The results showed that both semaglutide and DA5-CH improved motor behavior, protected neurons, increased dopamine levels, reduced inflammation, and lowered levels of harmful forms of alpha-synuclein. This suggests the drugs could potentially be effective treatments for Parkinson’s disease.
“We show in this study that the drug was protective in this model, which is very encouraging,” Hölscher told PsyPost. “The take-home message is that these drugs are genuinely protective in the brain, and that we are not very far away from one of these drugs coming to the market as a drug treatment to slow down or stop Parkinson’s disease.”

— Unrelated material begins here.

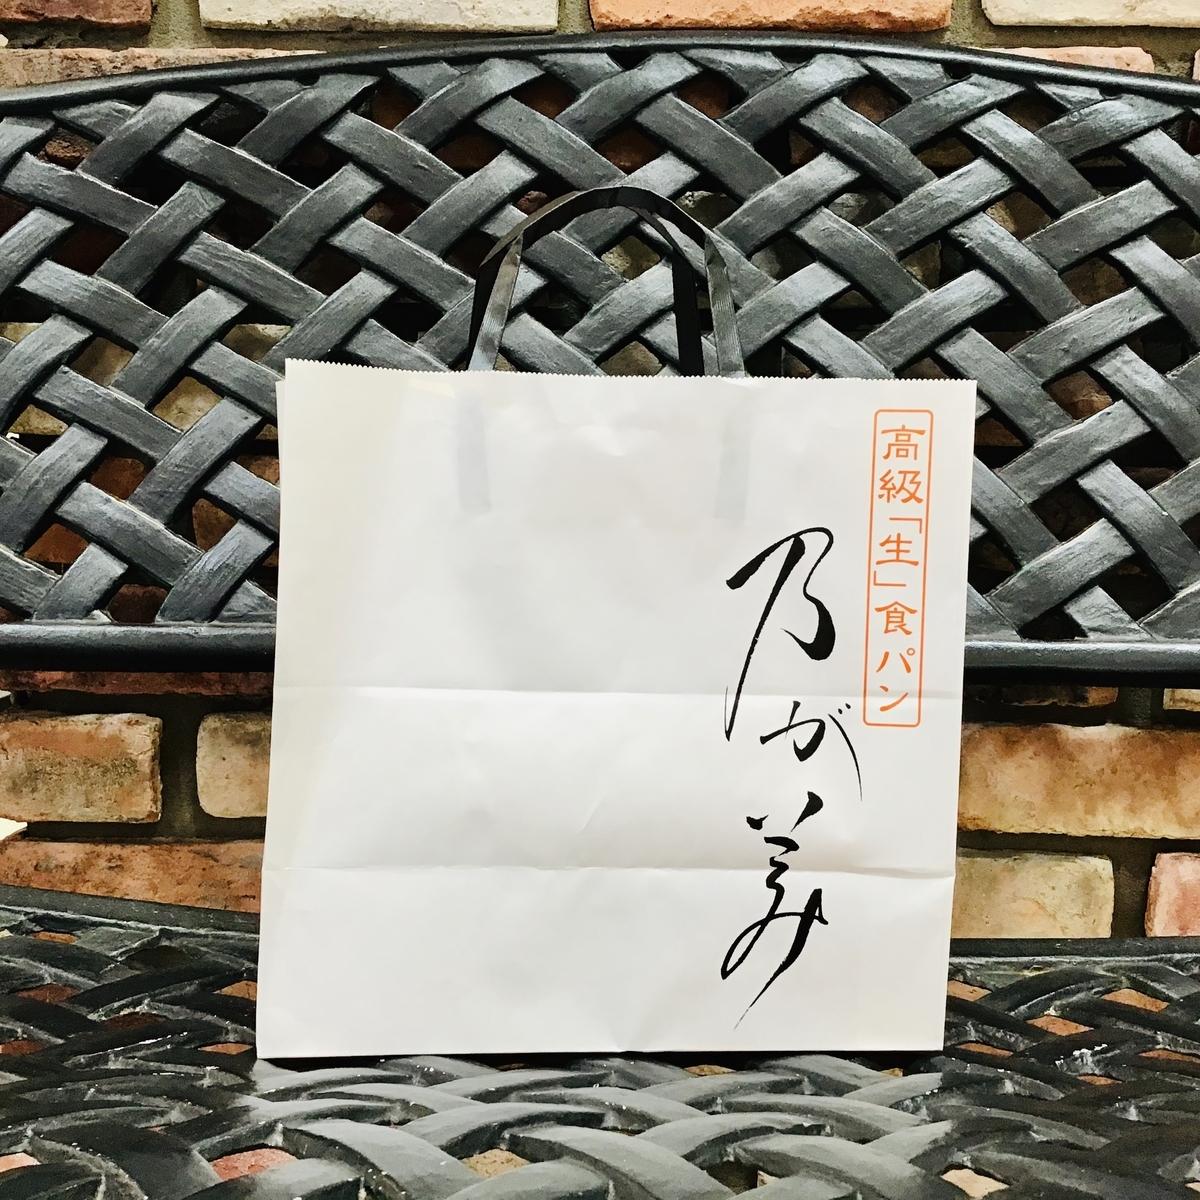 f:id:yumeusagiyukiusagi:20200405194557j:plain

“Our novel dual agonist is designed to treat Parkinson’s and works better than the GLP-1 class drugs that are on the market to treat type 2 diabetes. We are in phase 1 trials now with our drug, and hopefully can enter a phase 2 clinical trial next year.”

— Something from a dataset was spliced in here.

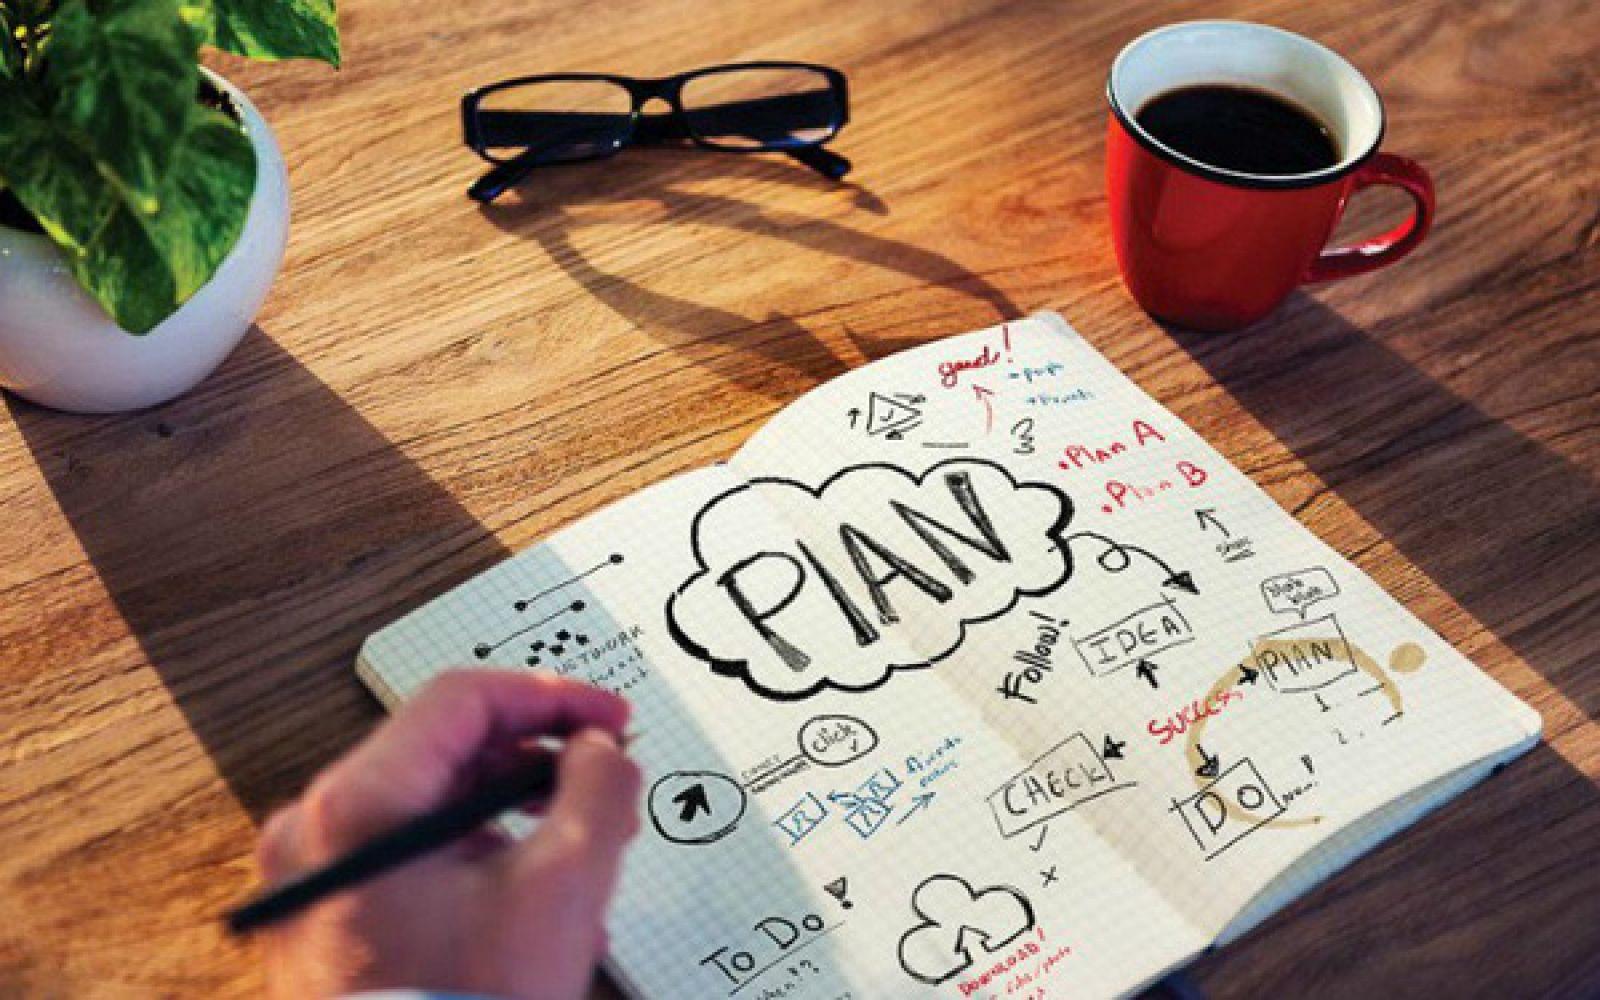 Đánh giá lại quá trình phân tích trong kế hoạch giao dịch

The researchers are hopeful about the potential of these drugs, especially DA5-CH, which was found to be more effective than semaglutide in the study. They believe that these drugs could slow down or halt the progression of Parkinson’s disease.
“It was good to see that our drug is working better than the older drug semaglutide,” Hölscher said. “Since three of these older drugs showed good effects in Parkinson’s patients already, and our drug is better than those drugs in animal models, we hope that it will be superior in the clinic, too.”
While the findings suggest that targeting insulin resistance with drugs like semaglutide and DA5-CH may hold promise as a new approach for treating Parkinson disease, further research and clinical trials are needed to confirm their effectiveness and safety in humans.
“The main question is always if the results from animal studies will translate into the clinic,” Hölscher told PsyPost. “Hopefully, we will see similar improvements in patients with Parkinson’s disease, but that needs to be tested.”
The researchers also emphasize the need for more awareness about these potential treatments, as many scientists still focus on a protein called alpha-synuclein, which forms abnormal clumps or aggregates called Lewy bodies. But clinical studies investigating treatments specifically targeting alpha-synuclein have not yet shown significant improvements in Parkinson’s disease patients.
“This research area is quite new, and surprisingly few people in research know about this,” Hölscher said. “We need to raise awareness that there is something out there that actually works. At the moment, many scientists believe that a protein called alpha-synuclein causes Parkinson’s disease.”
“However, clinical studies do not support that hypothesis. Two large phase 3 trials have shown no improvements at all when removing alpha-synuclein in the brain. It is high time to spread the word that GLP-1 type drugs actually help to reduce or stop disease progression in patients.”
The study, “DA5-CH and Semaglutide Protect against Neurodegeneration and Reduce α-Synuclein Levels in the 6-OHDA Parkinson’s Disease Rat Model“, was authored by Lingyu Zhang, Chun Li, Zijuan Zhang, Zhenqiang Zhang, Qian-Qian Jin, Lin Li, and Christian Hölscher.